Question

Consider the reaction below that has a K_eq of 7.94⋅10^-2. 3.4 mol of A and 6.7 mol of B are added to a 5 L container. Calculate the equilibrium concentration of C. Enter your answer in scientific notation using 2 significant figures.

2 A + 1 B ↔ 1 C

Answer 1

To solve this problem, we'll use the stoichiometry and equilibrium expression of the given reaction.

The stoichiometry of the reaction tells us that for every 2 moles of A and 1 mole of B, 1 mole of C is produced.

Given: Initial moles of A (A0) = 3.4 mol Initial moles of B (B0) = 6.7 mol Volume of the container (V) = 5 L Equilibrium constant (Keq) = 7.94 × 10^(-2)

Let's assume the equilibrium concentration of C is x (in moles/L).

According to the stoichiometry, the change in concentration of A will be -2x (since 2 moles of A react to produce 1 mole of C), and the change in concentration of B will be -x (since 1 mole of B reacts to produce 1 mole of C).

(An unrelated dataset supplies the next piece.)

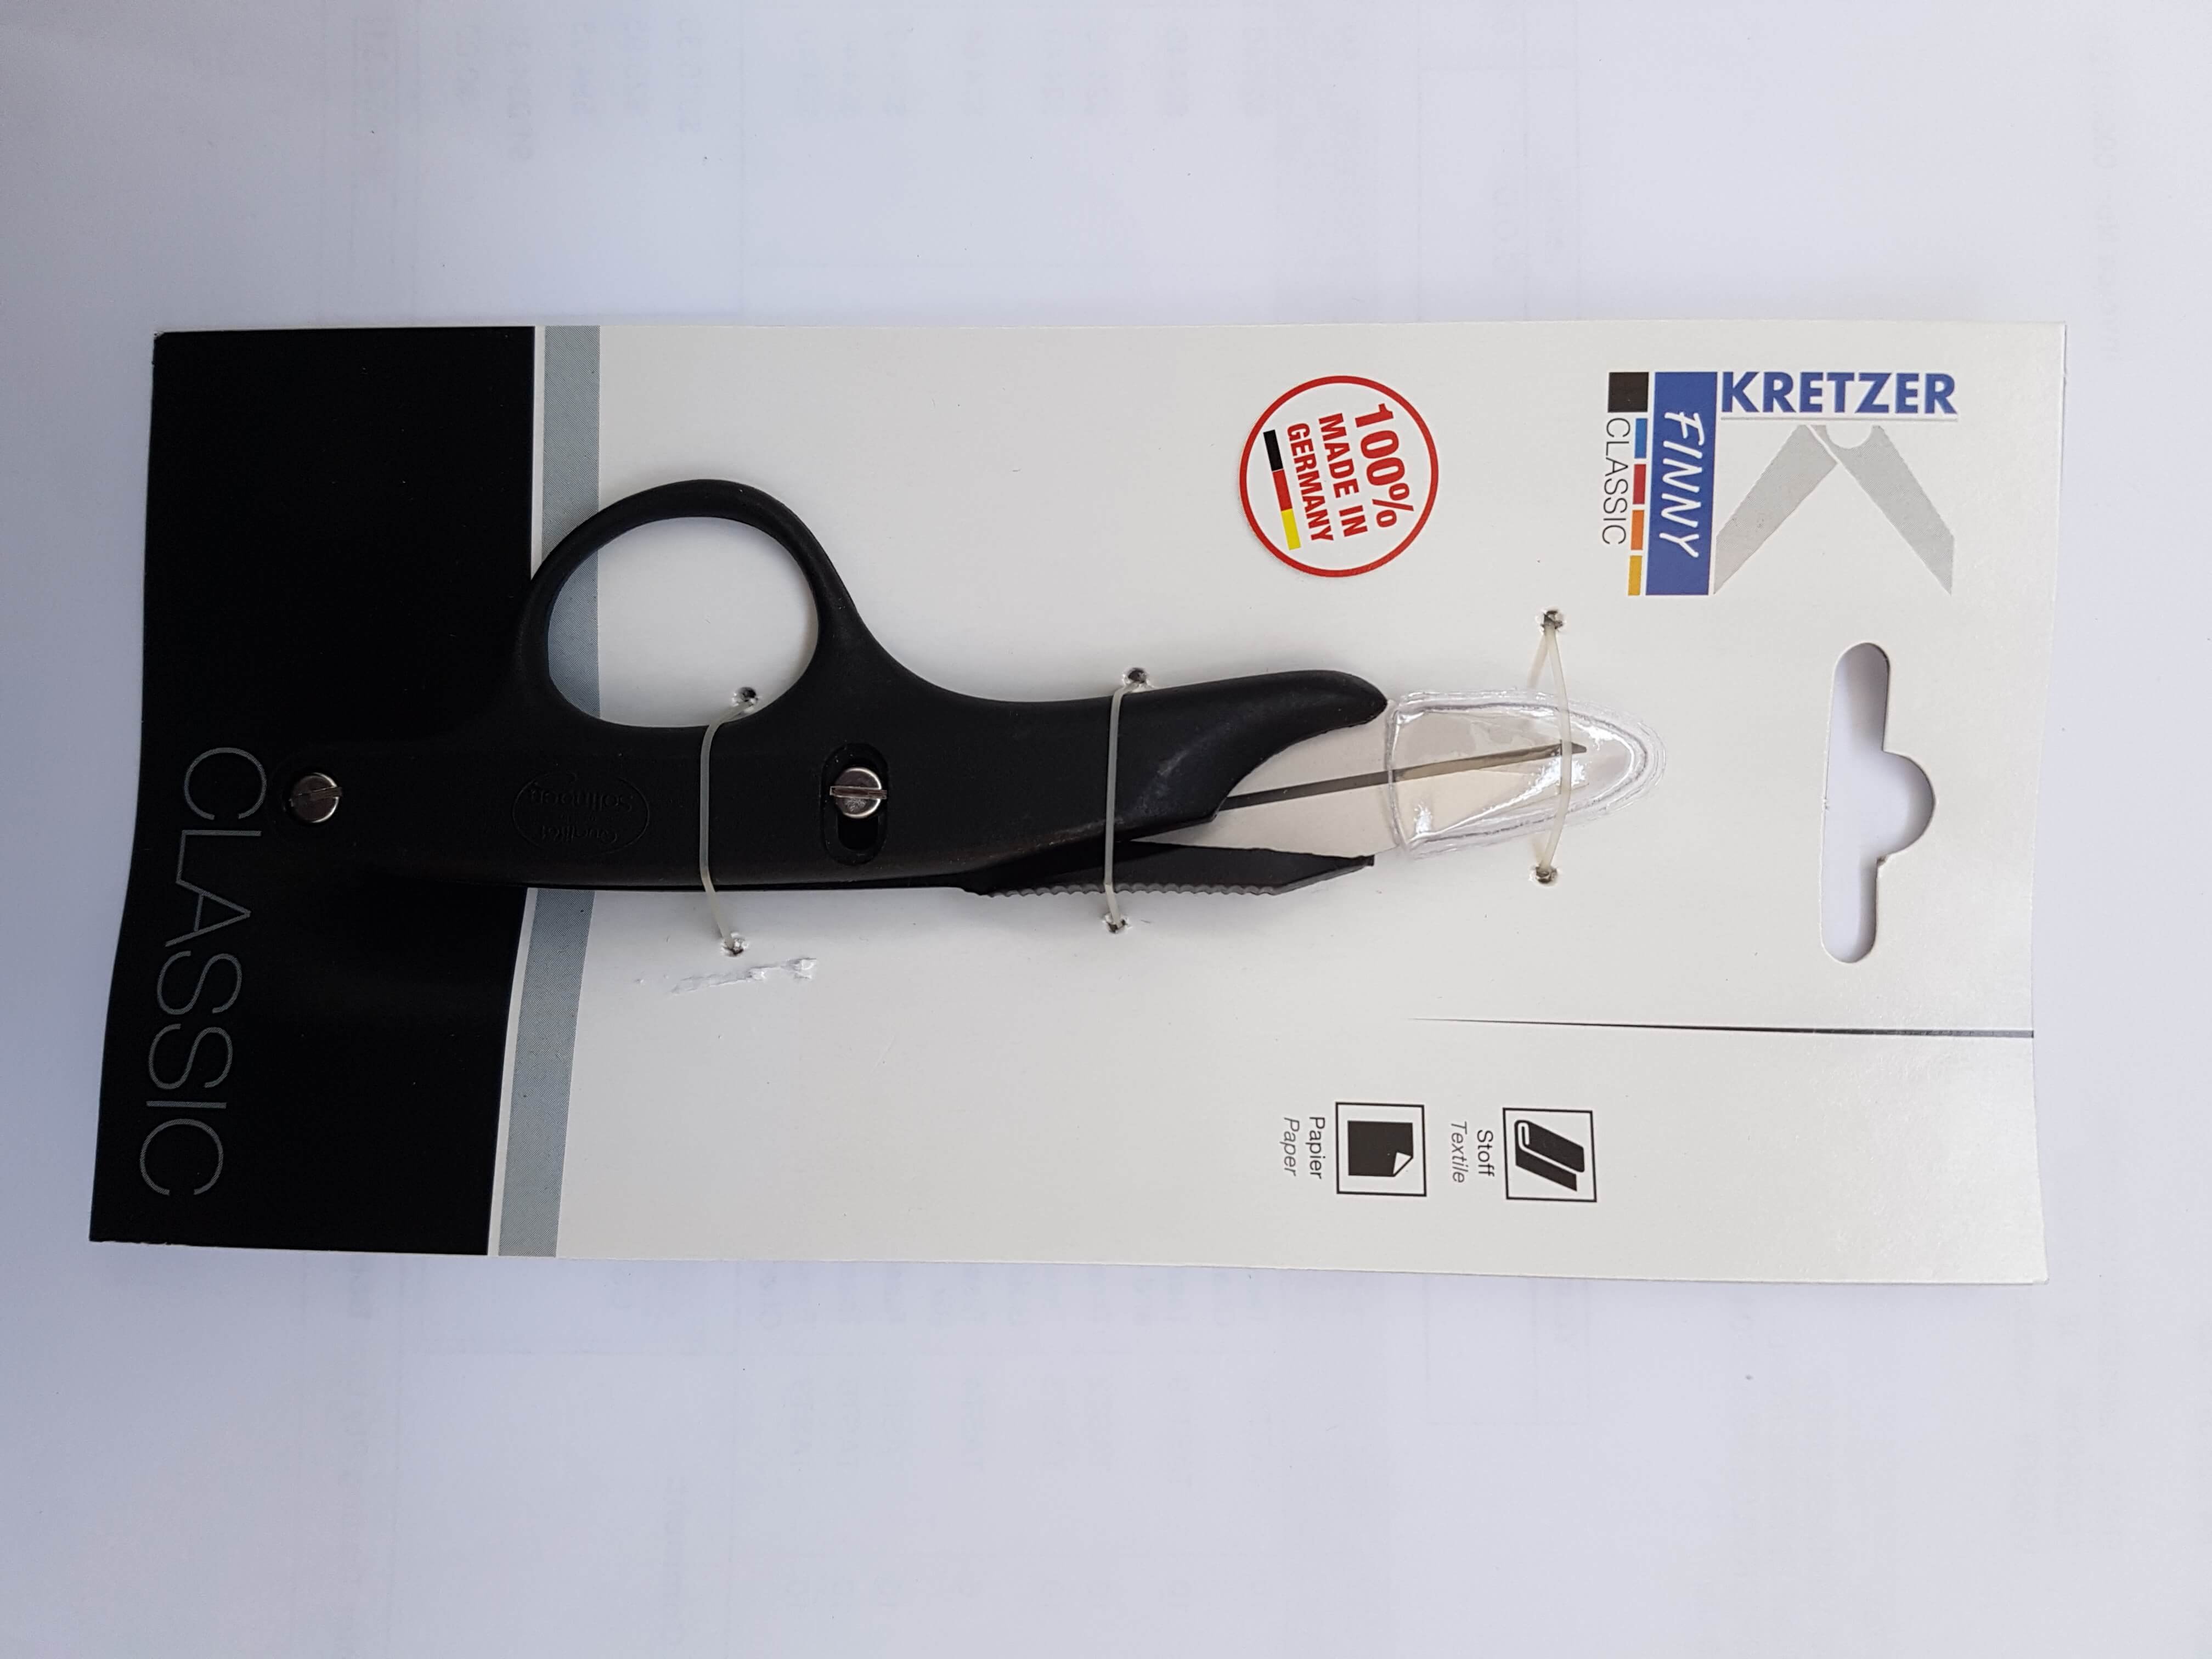 760811 Kretzer German-made thread-nipper scissors 5"

Using the equilibrium expression: Keq = [C] / ([A]^2 * [B])

Substituting the given values: 7.94 × 10^(-2) = x / ((3.4 - 2x)^2 * (6.7 - x))

Simplifying the equation: 7.94 × 10^(-2) = x / (11.56 - 13.6x + 4x^2)

Rearranging the equation: 0 = 4x^2 - 13.6x + 11.56 - (7.94 × 10^(-2))

Solving this quadratic equation, we find: x ≈ 0.0055 moles/L

Therefore, the equilibrium concentration of C is approximately 5.5 × 10^(-3) moles/L.